Laparoscopy, however, has not been demonstrated to reduce the morbidity of colorectal resections, likely because of the need to extend abdominal incisions for specimen extraction. Wound infection rates after laparoscopic colorectal surgery range from 2.7% to 12.8%,[23-25] with the extraction site accounting for up to 50% of those infections.[26] Additionally, hernia formation occurs in 3.6–24.3% of port sites after laparoscopic colorectal resection.[27-33] Thus, ongoing efforts have focused on developing strategies to minimize the need for sizeable abdominal incisions.

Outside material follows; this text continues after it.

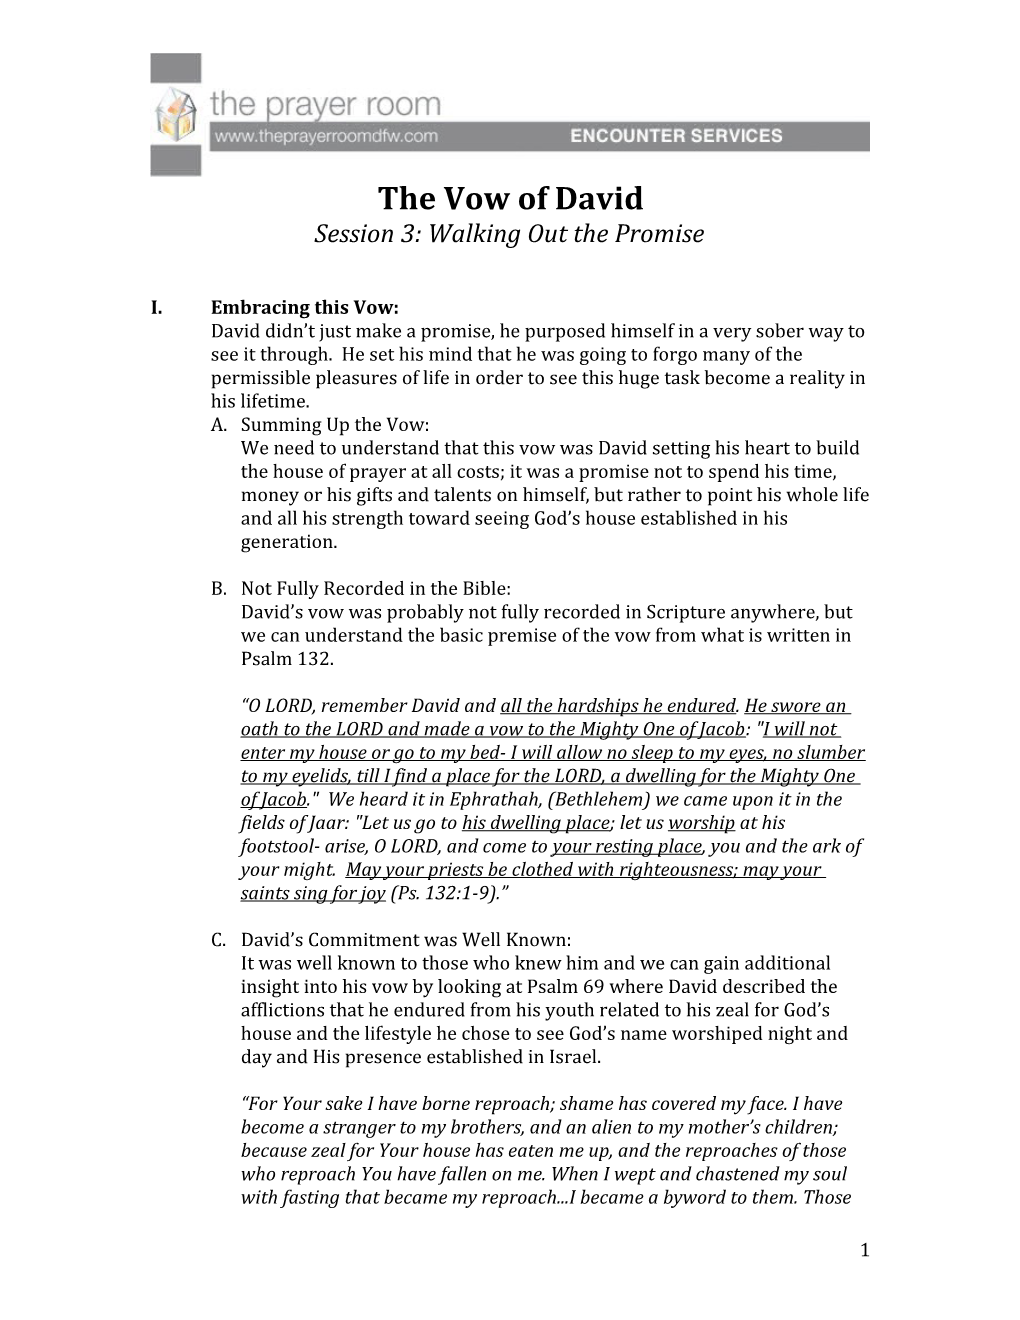 The Vow of David

Natural orifice specimen extraction

The drive to maintain the advantages of laparoscopy and reduce wound-related complications led to natural orifice specimen extraction (NOSE). Multiple groups have successfully removed colorectal specimens transvaginally and transanally.[34-41] Park et al. compared laparoscopic right colectomy with transabdominal versus transvaginal extraction (n = 68), finding significantly decreased postoperative pain and LOS, as well as fewer wound infections and intra-abdominal abscesses, although these differences were not statistically significant.[42] Franklin et al. reported a series of 432 patients who underwent laparoscopic low anterior resection (LAR) with or without transanal extraction for rectal cancer. Two-year local recurrence rates, intraoperative complications, postoperative complications, and LOS were comparable.[43, 44]

Additional studies have confirmed infection rates following transanal NOSE versus transabdominal colorectal resections to be equivalent.[45, 46] One prospective study found no infection-related complications after transanal specimen extraction for diverticulitis despite positive polymicrobial peritoneal cultures.[47] Furthermore, anal sphincter function was not negatively impacted by transanal NOSE,[48, 49] with patients reporting significant improvement in their quality of life at 6-month follow up.[50]

Overall, based on these few non-randomized NOSE studies, transvaginal and transanal extraction of colorectal resection specimens appears to be safe, associated with reduced pain and shorter LOS, and offering at least the cosmetic benefit of eliminating extraction site incisions.

Transanal excision

In 1977, Morson et al. harkened back to local excision and described a series of full-thickness local excisions of rectal cancer by transanal excision (TAE) in which only three of 91 patients recurred.[51] Subsequent studies failed to reproduce such good results, however. Failure rates after TAE of 7–40% and 25–62% for T1 and T2 tumors, respectively, were reported, much higher than those after TME (0–7% for T1 tumors, 3–15% for T2 tumors).[52-59] For those patients who did recur after TAE, 5-year survival of only 30–53% after salvage surgery has been reported.[60]

High failure rates following local excision for high-risk T1 and more advanced rectal cancers is attributed to the increasing rate of nodal involvement with more advanced T stage.[53, 60] One study showed that for T1 and T2 tumors with favorable histological features, 7% and 14% had nodal metastases, respectively. T1 and T2 tumors with high-risk features had 33% and 30% risk of nodal involvement, respectively.[61] Furthermore, current staging modalities, including endorectal ultrasound (ERUS) and pelvic magnetic resonance imaging (MRI), are still not entirely predictive of nodal involvement.[62, 63]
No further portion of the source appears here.